James Harris a écrit :
>
> Jean-Luc Cooke <jlcooke@engsoc.org> wrote in message news:<ccp66s\$73c\$1@driftwood.ccs.carleton.ca>...
> > James,
> >
> > Keep looking into this. You'll learn a lot. But honestly, this is just
> > a variation of Fermat's Difference of Squares factorization:
>
> Actually in many ways it is.

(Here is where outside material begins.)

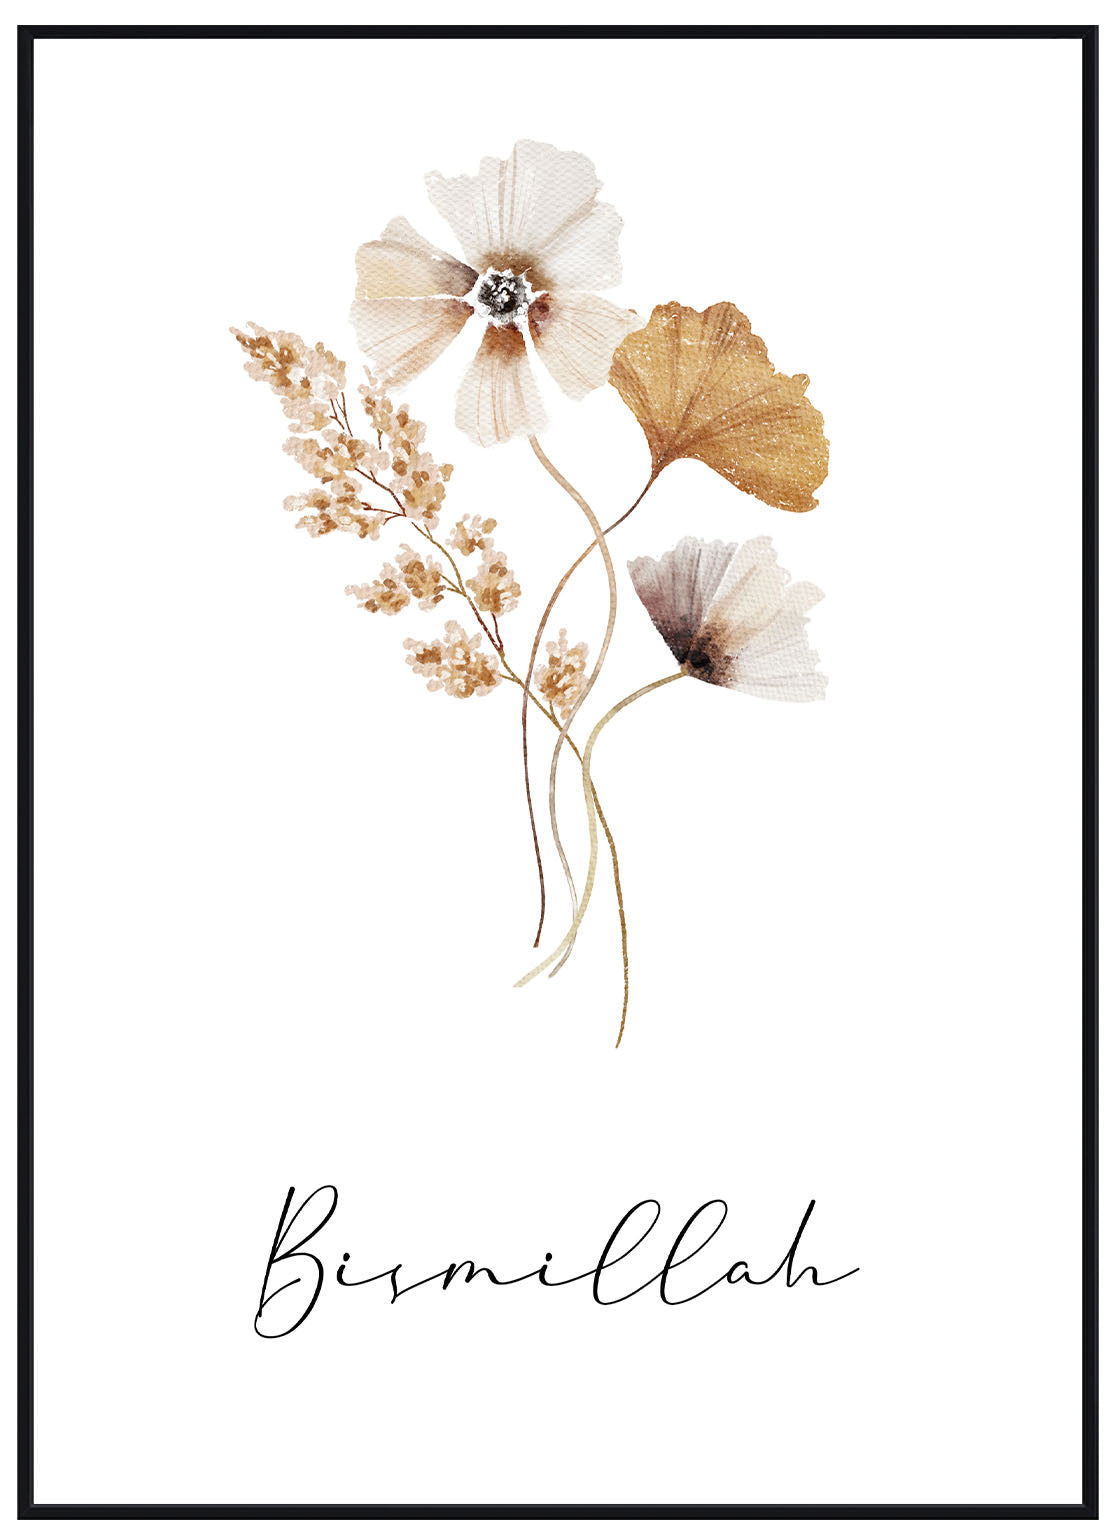 Bismillah Flower

It's where it's different that things
> get interesting.
>
>
> > pq = n
> >
> > M = mean of p and q
> > E = error from mean
> >
> > M = (p+q)/2
> > p = M+E
> > q = M-E
> >
> > n^2 = M^2 - E^2
> >
> > Using quadratic recipcosity you can eliminate many possible values, but
> > then end result is no net improvment in factorization problem.
>
> That's just one side of what I gave in my original post.
> [...]
> No, I didn't just come up with the standard congruence of squares.
> Here are the equations pulled out:
>
> (jk - Tk + T)(jk + Tk + T) = T^4
>
> k = (-jT +/- T^2 sqrt(j^2 - T^2 + 1))/(j^2 - T^2)
>
> and
>
> j = (-T +/- T sqrt(k^2 + T^2))/k

Your method is essentially no more than a Fermat method.
Take both sides of (jk - Tk + T)(jk + Tk + T) = T^4 modulo T.
It comes (jk)^2 = 0 mod T and, since, T has no square factors
we can write jk = 0 mod T, i.e., jk = aT for some a.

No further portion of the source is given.